10. Unabsorbed business loss is set off as per the provision of section 72. Section 80AB also prescribes that the amount of income of the nature which is eligible for deduction under section 80HHE as computed in accordance with provisions of this Act has to be considered for the purpose of deduction. This means that what enters the gross total income by way of profits of business referred under section 80HHE, will be considered as eligible for deduction. The brought forward losses do not reduce the profits of business as computed in accordance with provisions of this Act. The unabsorbed business losses do not affect the profit of the current year. Thus while computing deduction under section 80HHE, the profits of business is not to be reduced by the unabsorbed business losses set off in accordance with the provision of section 72. What enters the gross total income is the entire profit and not the amount reduced by the brought forward losses. It is a separate issue that the total deduction under the Chapter VI-A is not to exceed gross total income which is defined in section 80B(5). Thus while computing deduction under section 80HHE the eligible profit is not to be reduced by brought forward losses. While computing the total income deduction eligible under section 80HHE cannot exceed gross total income. In other words, the deduction under Chapter VI-A is not to be allowed first and thereafter set off the brought forward losses but for the limited purpose of computing deduction under section 80HHE brought forward losses are not to be reduced. Thus, though section 80AB governs section 80HHE, the effect of section 80AB does not provide that the brought forward losses will first be set off even to compute the profit eligible for deduction. We accordingly hold that brought forward business losses is not to be reduced for computing profits of business eligible for deduction under section 80HHE. In the present example, the eligible profit will be Rs. 72,78,339 and not Rs. 35,15,070 as computed by the assessing officer.
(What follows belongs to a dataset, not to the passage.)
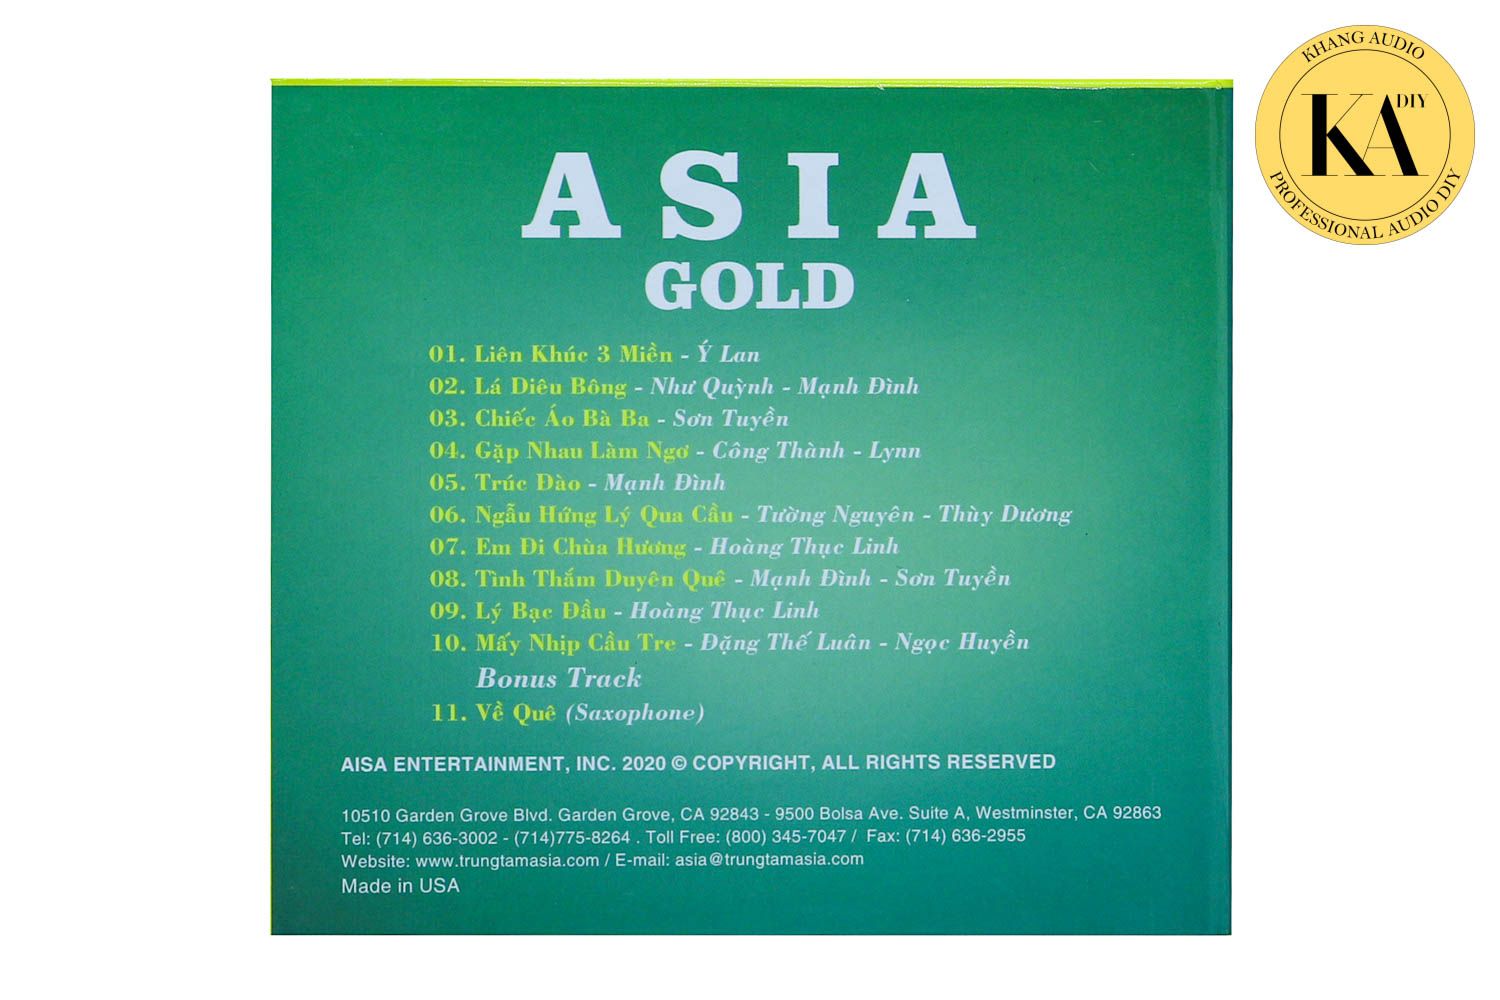 Nhạc Vàng Tuyển Chọn - ASIA GOLD Vol.4

At the same time, the deduction under section 80HHE will be restricted to the extent of gross total income even though the amount allowable for deduction under section 80HHE is higher than such sum.

11. As regards the ground relating to profit of Rs. 36,230, the profit of eligible business is to be computed as per Explanation to section 80HHE. Since such sum is forming part of profits of business as computed under the head 'Profits and gains of business', the same is not to be excluded from the profits of eligible business.

In the result, the appeal is partly allowed.